非专利文献2:J.Tao,Y.Kang and A.Li,“Prosodyconversion from neutral speech to emotional speech”,IEEE Trans.OnAudio,Speech and Language Processing,Vol.14,No.4,2006,pp.1145-1154,在此通过参考引入其整个内容。Non-Patent Document 2: J.Tao, Y.Kang and A.Li, "Prosodyconversion from neutral speech to emotional speech", IEEE Trans.OnAudio, Speech and Language Processing, Vol.14, No.4, 2006, pp.1145 -1154, the entire contents of which are hereby incorporated by reference.
发明内容 Contents of the invention
本发明正是鉴于上述现有技术中的问题而提出的,其目的在于提供不依赖于说话人的情感语音合成方法和装置,以便能够有效改善韵律和频谱转换的性能。The present invention is proposed in view of the above-mentioned problems in the prior art, and its purpose is to provide a speaker-independent emotional speech synthesis method and device, so as to effectively improve the performance of prosody and spectrum conversion.

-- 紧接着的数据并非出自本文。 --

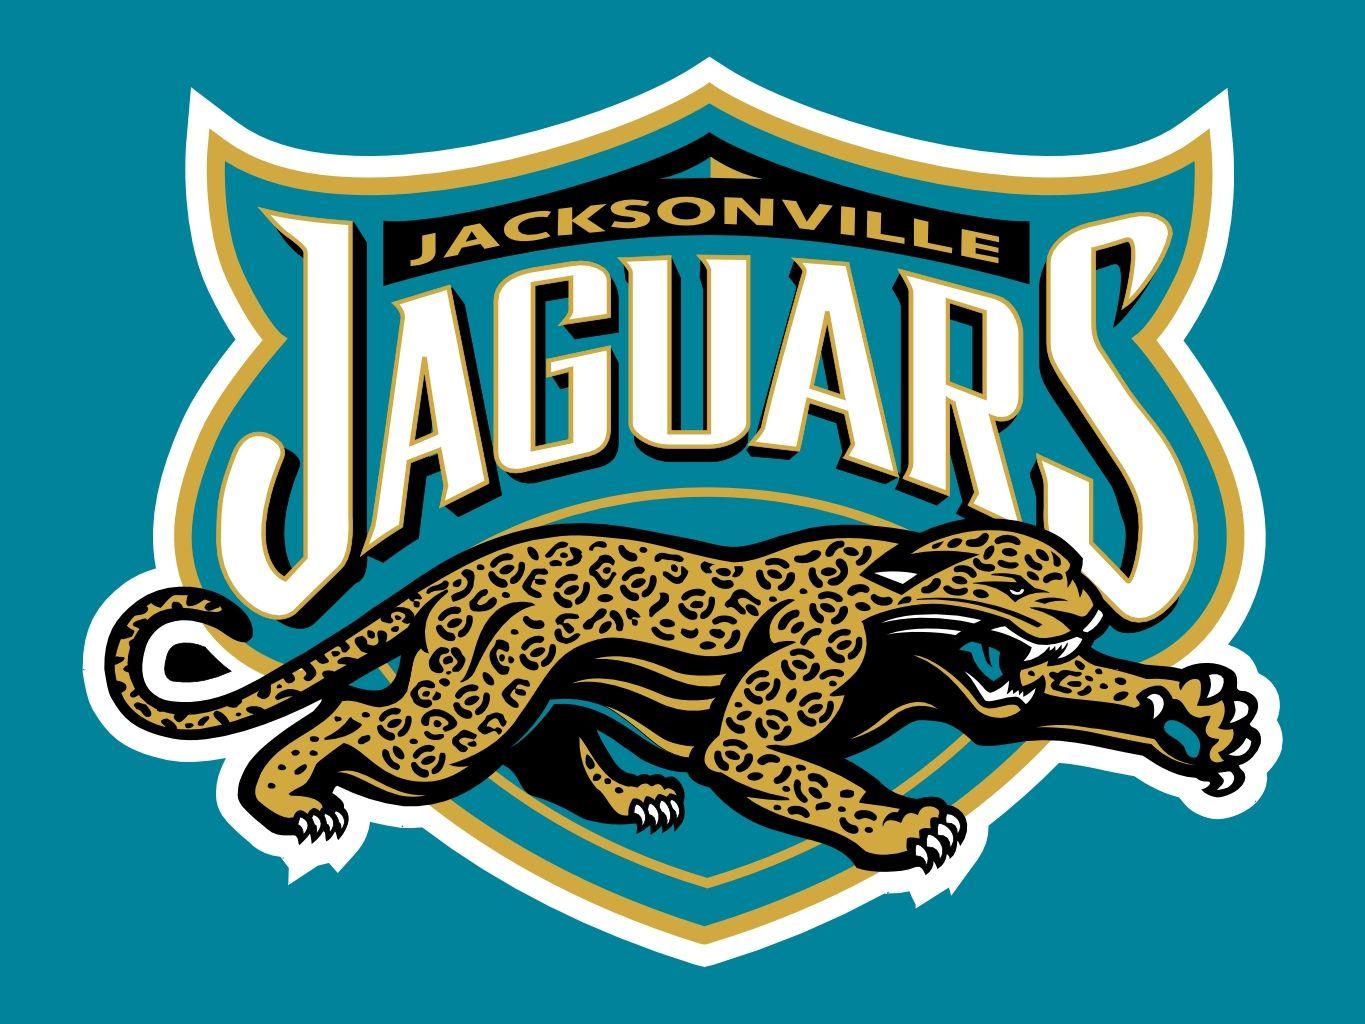 Jaguars Football Team Logo - jacksonville jaguars logos - Yahoo Image Search Results | NFL / NBA ...
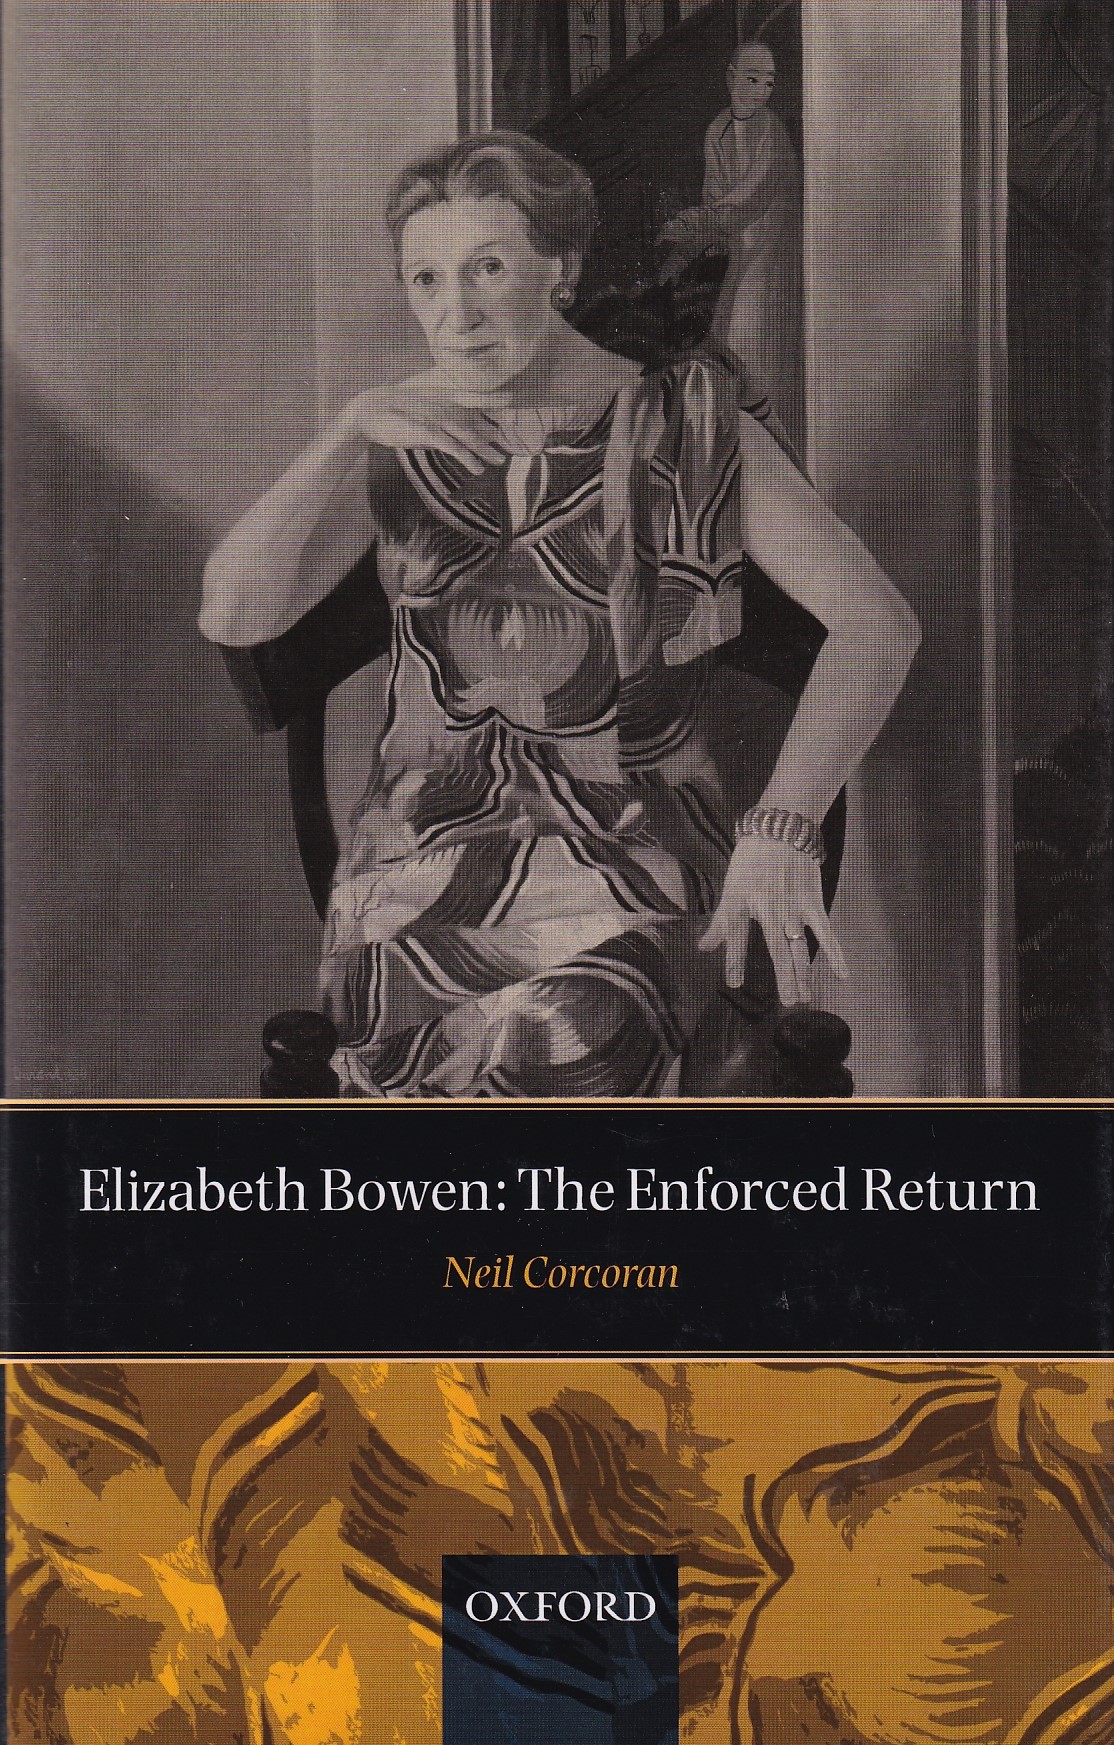 Elizabeth Bowen: The Enforced Return | Neil Corcoran | Charlie Byrne's

根据本发明的一个方面,提供了一种情感语音合成方法,包括以下步骤:输入文本句;利用由第一说话人的中立语音库训练获得的中立特征模型,预测上述文本句在上述第一说话人的第一特征空间中的中立特征向量;利用由上述中立语音库和第二说话人的平行语音库训练获得的说话人规整模型,将上述中立特征向量变换为上述第二说话人的第二特征空间中的规整中立特征向量;利用由上述平行语音库训练获得的情感转换模型,将上述规整中立特征向量转换为上述第二特征空间中的规整情感特征向量;利用上述说话人规整模型,将上述规整情感特征向量逆变换为上述第一特征空间中的情感特征向量;以及利用上述第一特征空间中的情感特征向量合成出第一说话人的情感语音。According to one aspect of the present invention, a method for emotional speech synthesis is provided, comprising the steps of: inputting a text sentence; utilizing the neutral feature model obtained by training the neutral speech bank of the first speaker, predicting that the above text sentence will be used in the above-mentioned first speech The neutral feature vector in the first feature space of the person; using the speaker regularization model obtained from the training of the above-mentioned neutral speech database and the parallel speech database of the second speaker, the above-mentioned neutral feature vector is transformed into the above-mentioned second speaker’s second Regular neutral feature vectors in the feature space; using the emotional conversion model obtained from the above-mentioned parallel speech library training, the above-mentioned regular neutral feature vectors are converted into regular emotional feature vectors in the second feature space; using the above-mentioned speaker regularization model, the Inversely transforming the regularized emotional feature vectors into emotional feature vectors in the first feature space; and synthesizing the emotional voice of the first speaker by using the emotional feature vectors in the first feature space.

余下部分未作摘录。